I’ve recently been following the Paris Fashion Week news, and I just don’t get it.  Most of the “revolutionary” new styles pictured in the papers look like they’re fashioned from black plastic trash bags.  One designer showed a gown made from dozens of bras!  One model sported what looked like a drumstick protruding from the side of her bra.  Some creations looked like they were splattered with mud … as did the models!

Where was the new version of the little black dress or the creations comprised of peacock feathers?  Where was there ANYTHING that was FASHIONABLE???  It may have shown up on SOME runway … but I didn’t see any of it.

I treated my granddaughter, daughter, and niece to a week in Paris in September, and I saw neither trash bag coats or mud-splattered dresses on the streets of that fabulous city.  I DID notice, however, that French women in my age group (mutter-something) mostly seemed attired pretty much as I remember my own grandmothers dressing when I was growing up in the 1950’s.  They favored simple cotton dresses, bulky cardigans, support hose, and sensible shoes (although my Maternal grandmother wore lovely little “tee-strap” pumps until she died, and the dresses she wore “downtown” were nicely cut and very pretty).

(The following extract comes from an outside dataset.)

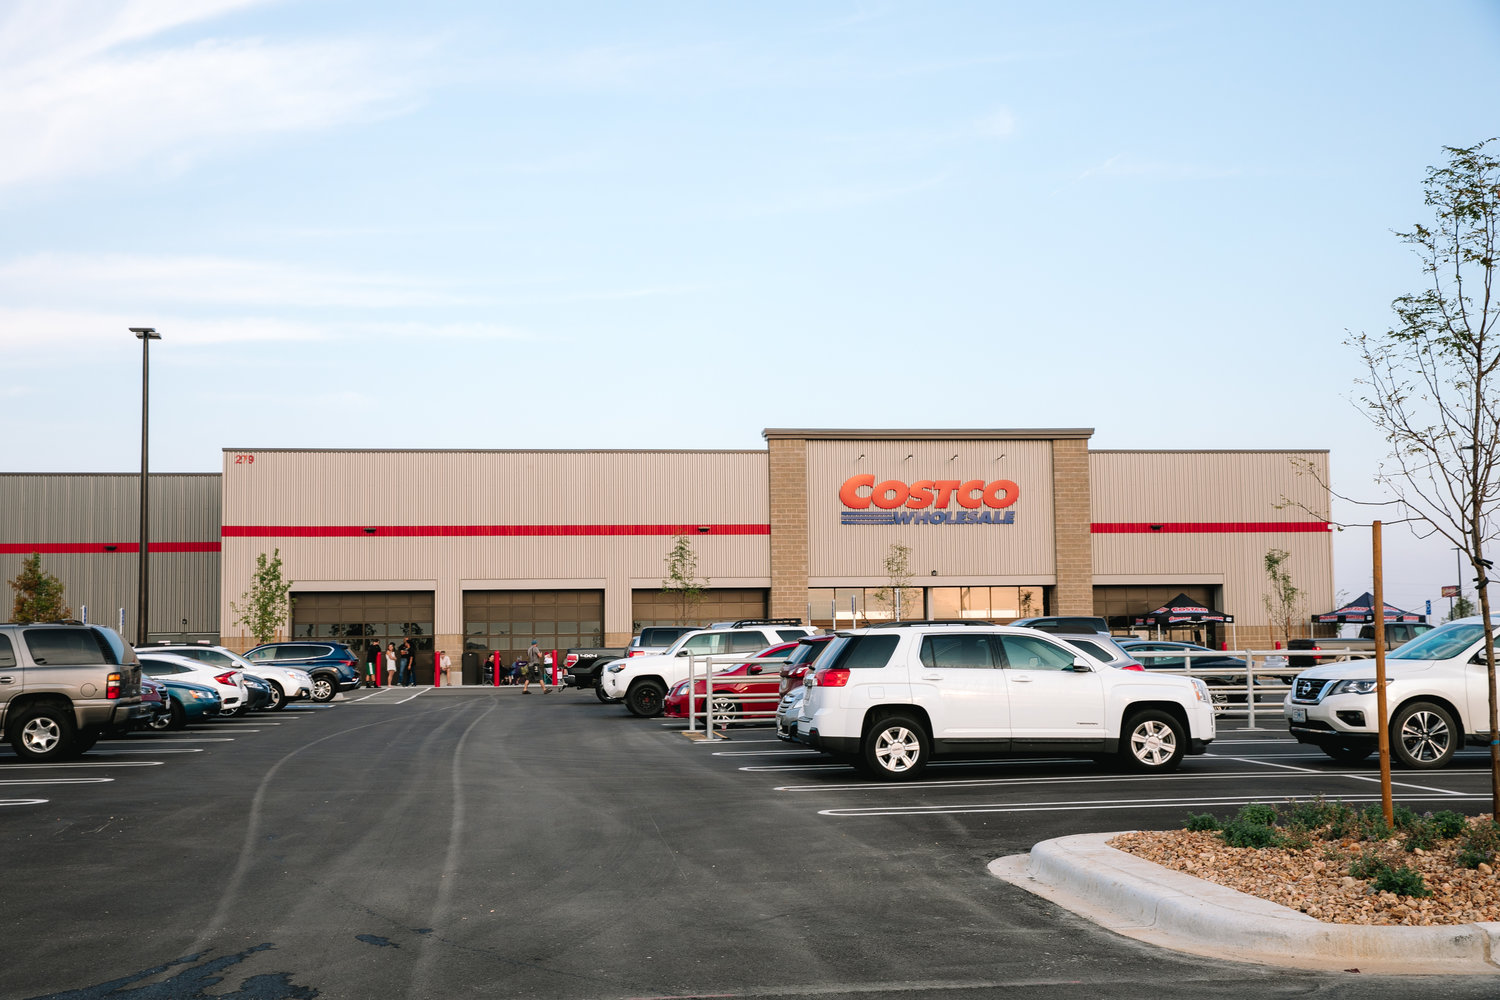 The 160,000-square-foot store is the seventh in Missouri.
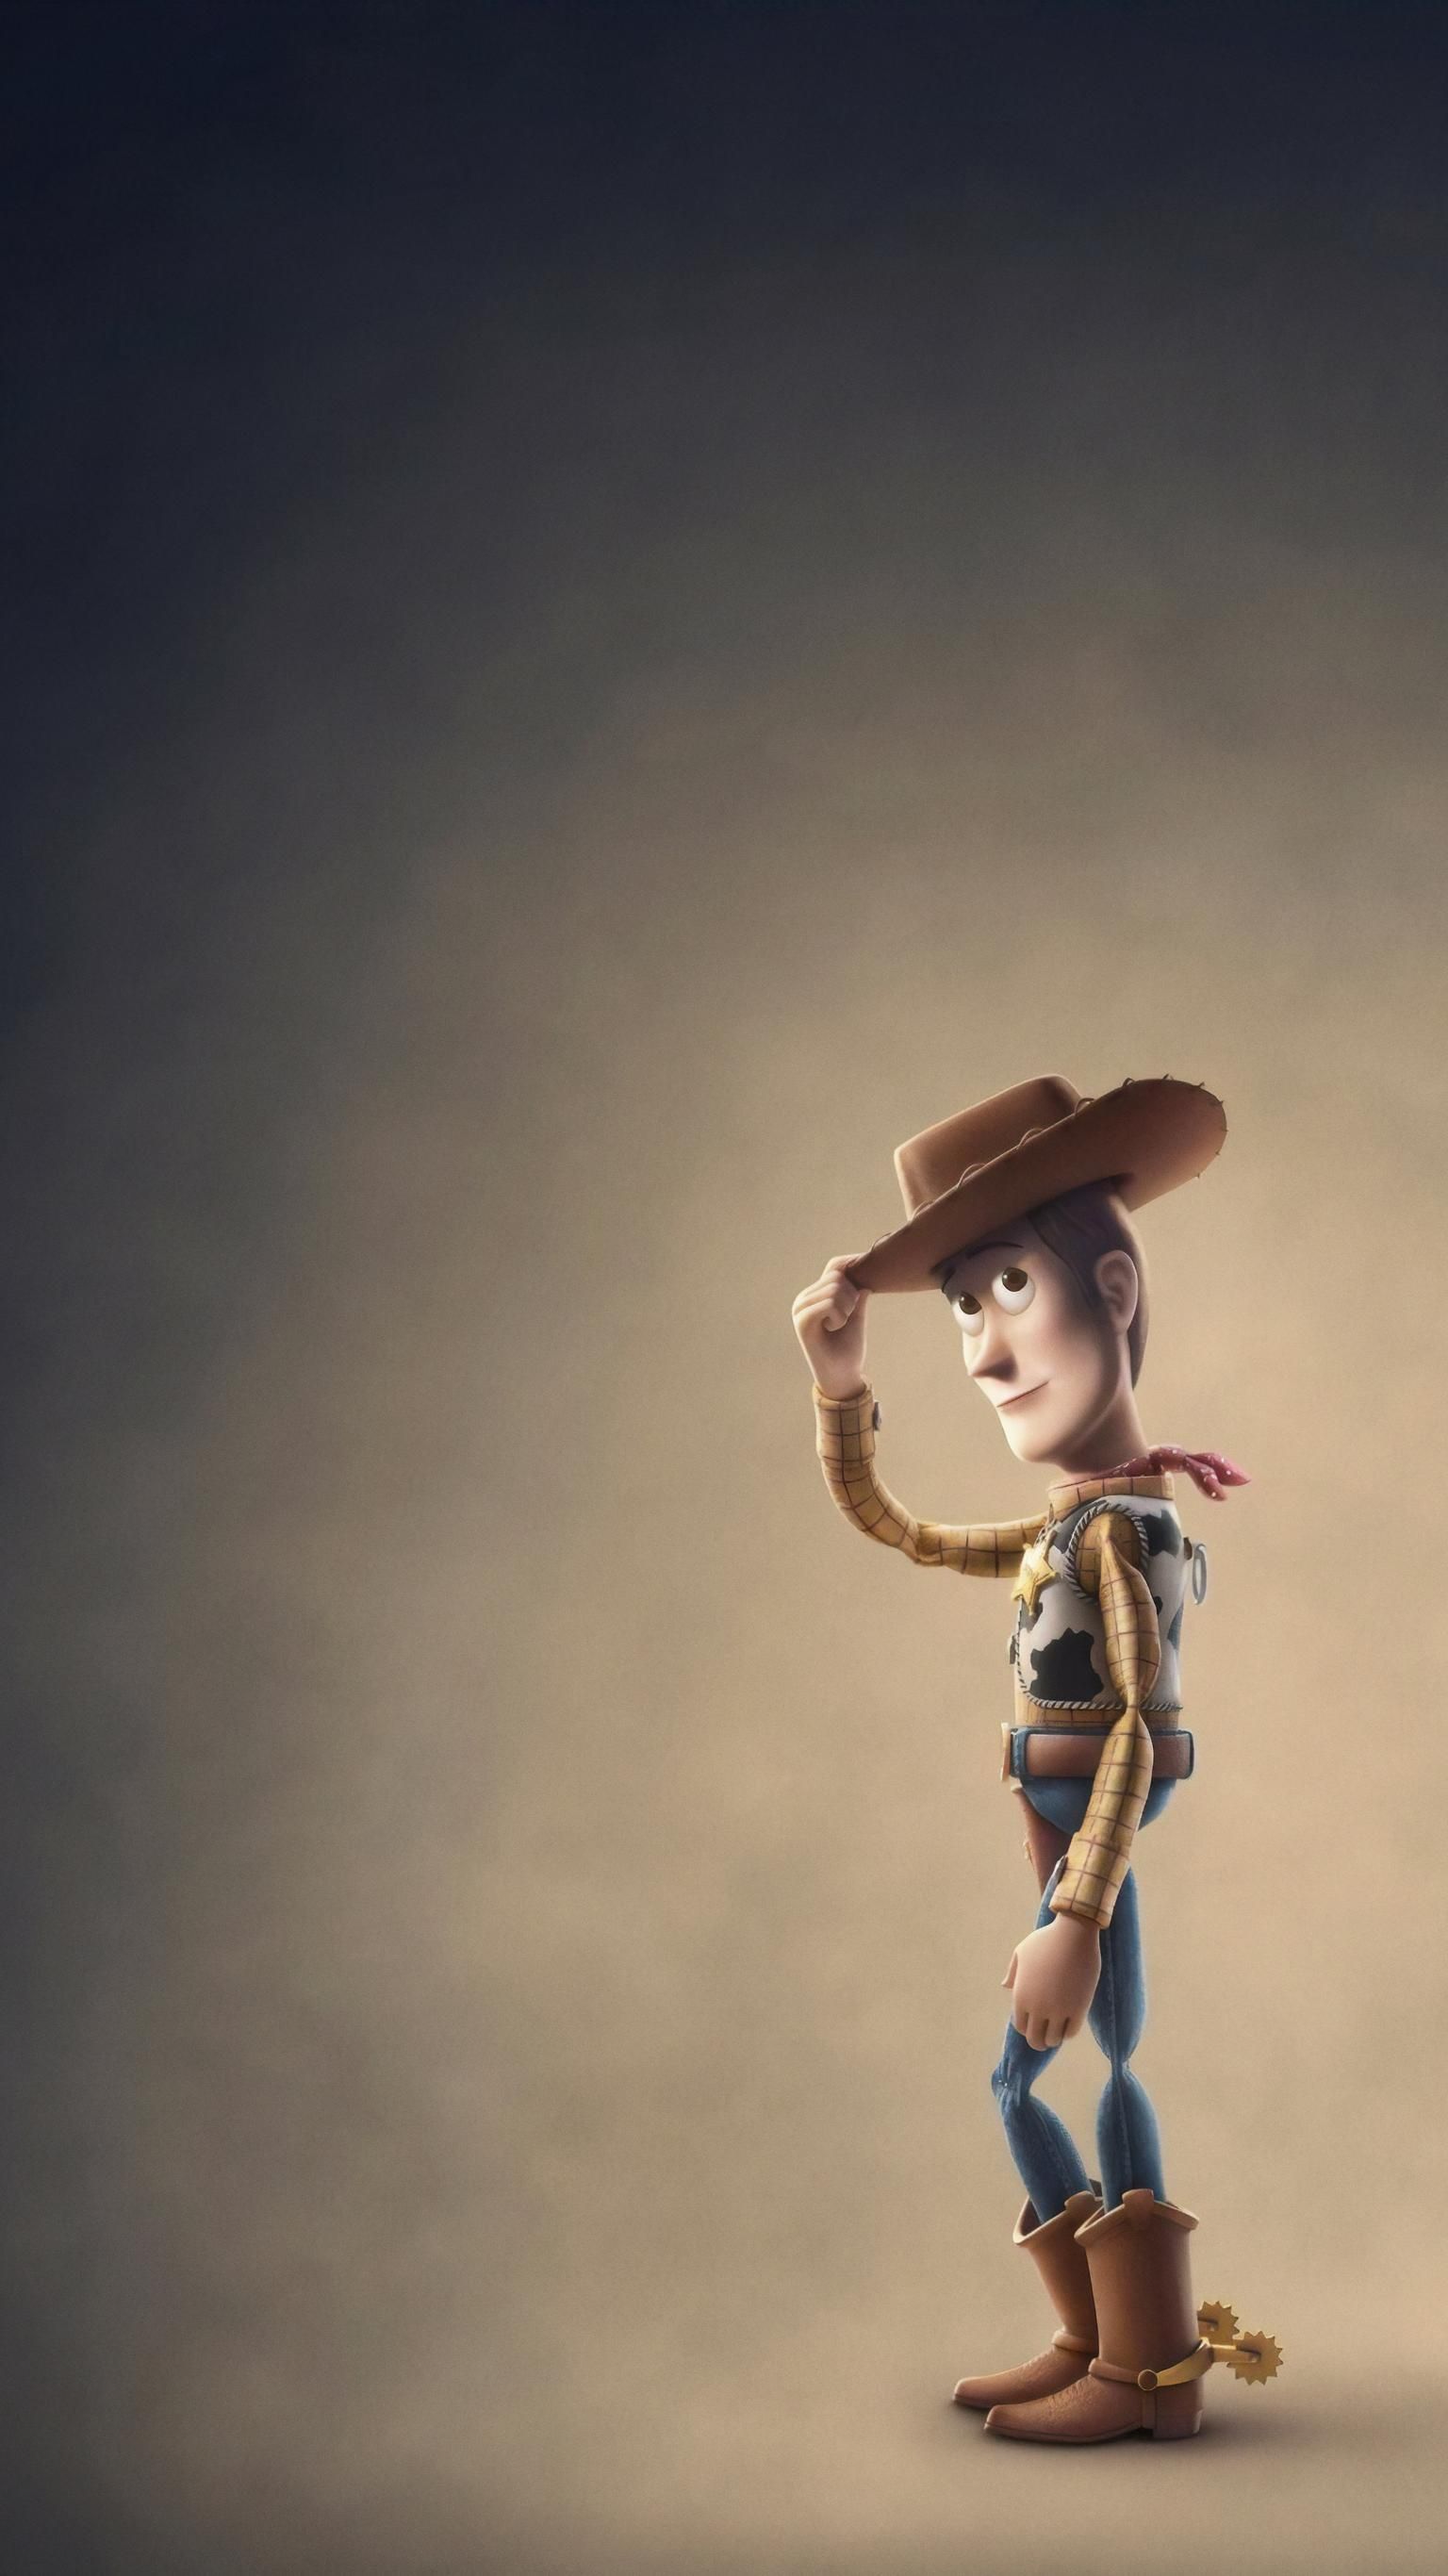 Toy Story 4 2019 Phone Wallpaper in 2019 Phone Wallpapers

I’m sure they’re out there, somewhere, in Paris, but I didn’t see a single woman over 70 wearing the colorful leggings favored by many of us here at Charlestown or any nippy little 75-year-olds wearing LL Bean jackets, plaid shirts, tight jeans and hiking boots.  I didn’t even see even any of the well-coordinated Alfred Dunner ensembles so popular with so many of us … no Talbot’s, and no Chico’s, either.

The older women I saw on the streets of Paris didn’t color their hair, and most of them wore it long and skimming their shoulders, or in a simple bun.  I found it both entertaining and puzzling … do French women stop caring about appearance once they pass 60? (Not all, apparently … French actresses Catherine Deneuve and Jeanne Marceau maintain their glamour while aging, if one can trust their pictures on the internet, and Catherine is just a year younger than I am.)

These differences were further validated for me by a personal encounter I enjoyed one morning while sipping a cappuccino in the Patisserie just across the street from our boutique hotel.  Two women who worked in the hair salon next door to the Patisserie came out for a cigarette, and when they spotted me, they approached my outdoor table and asked if I spoke French.  I admitted that I did, but just a little, so they politely continued our conversation in English.

They had seen me around the neighborhood all week, one of them said, and they loved my (short, dyed blonde) haircut.  Could they look at it???

“Sure,” I said, and sat there with my cappuccino while they stood over my haircut, speculating on which instrument my own hairdresser had used, and how they would achieve the same effect.  One of them then went into the Patisserie and came back bearing another cappuccino and a little pastry … “Merci.  Merci beaucoup!!” they said and returned to their shop with a friendly wave.

These two ladies certainly brightened my day … at (mumble-something) I, apparently, was one of the most fashionable ladies of a certain age in Paris.  Merci.  Merci beaucoup, Mesdames, you made my day.  And now I wonder if MY haircut is making the rounds in Paris.